Kulturella Perspektiv (Mar 1996)
Samhällets drägg och fattigdomens adel
Abstract
To be poor not only implies that one suffers from a lack of material resources, but also that one risks being seen as a social parasite in the eyes of one's fellow man. This negative perception of the needy is not a uniquely Swedish phenomenon but is rather the rsult of a common development in Central and Eastern Europe beginning with the Reformation, when mass poverty began to be apprehended as a threat to society at the same time as the Protestant work ethic was gaining general acceptance. The present article discusses how a network of philanthropists and politicians, active members of Centralförbundet för Socialt Arbete (the National Association for Social Work) and Svenska Fattigvårdsförbundet (the National Association for Poor Relief), classified the poor as either "worthy" or "unworthy", in the debate on the reform of poor relief which took place in Sweden during the first two decades of the twentieth century.
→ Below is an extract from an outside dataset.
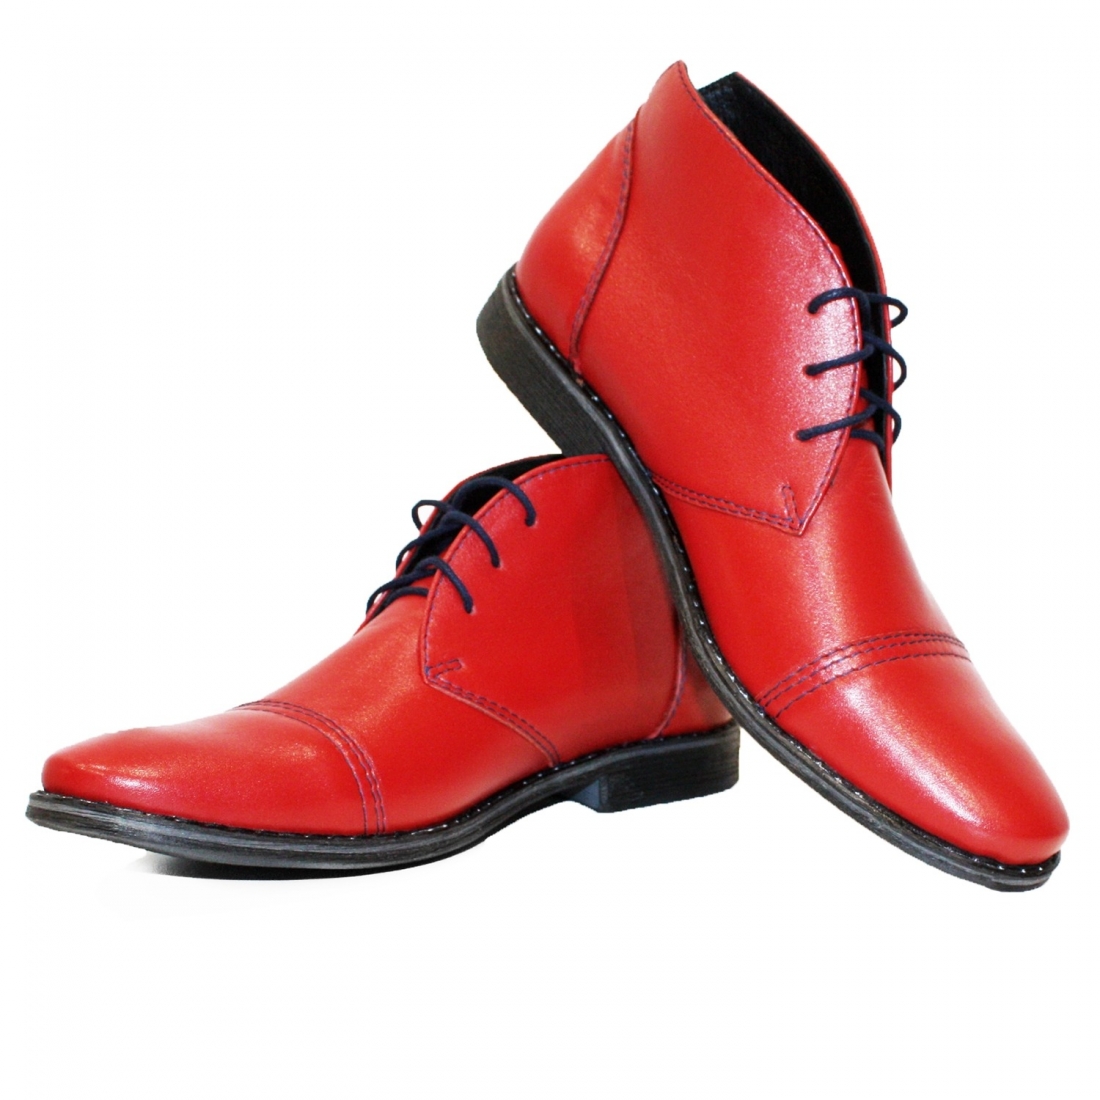 Modello Vurello - Desert Boots - Handmade Colorful Italian Leather Shoes

The poor were classified in accordance with the middle-class values these individuals had acquired during their own adolescence in the classic, bourgeois milieu of the late 19th-century, Victorian Sweden. Those possessing the virtues of reliability, propriety, diligence and sobriety were considered worthy of society's aid, while those who failed to live up to the cultural virtues of the middle class were deemed unworthy and instead needed to be enlightened and deterred from their wicked ways. Furthermore, such suspicions motivated heavy supervision of the poor, marked by distrust and even antipathy. It is here that the poor of the early twentieth century and the poor of today — the recipients of social benefits — have something in common. Poverty does not only imply that one lives in reduced material circumstances, but also with the stigma of being suspected of being lazy and unambitious.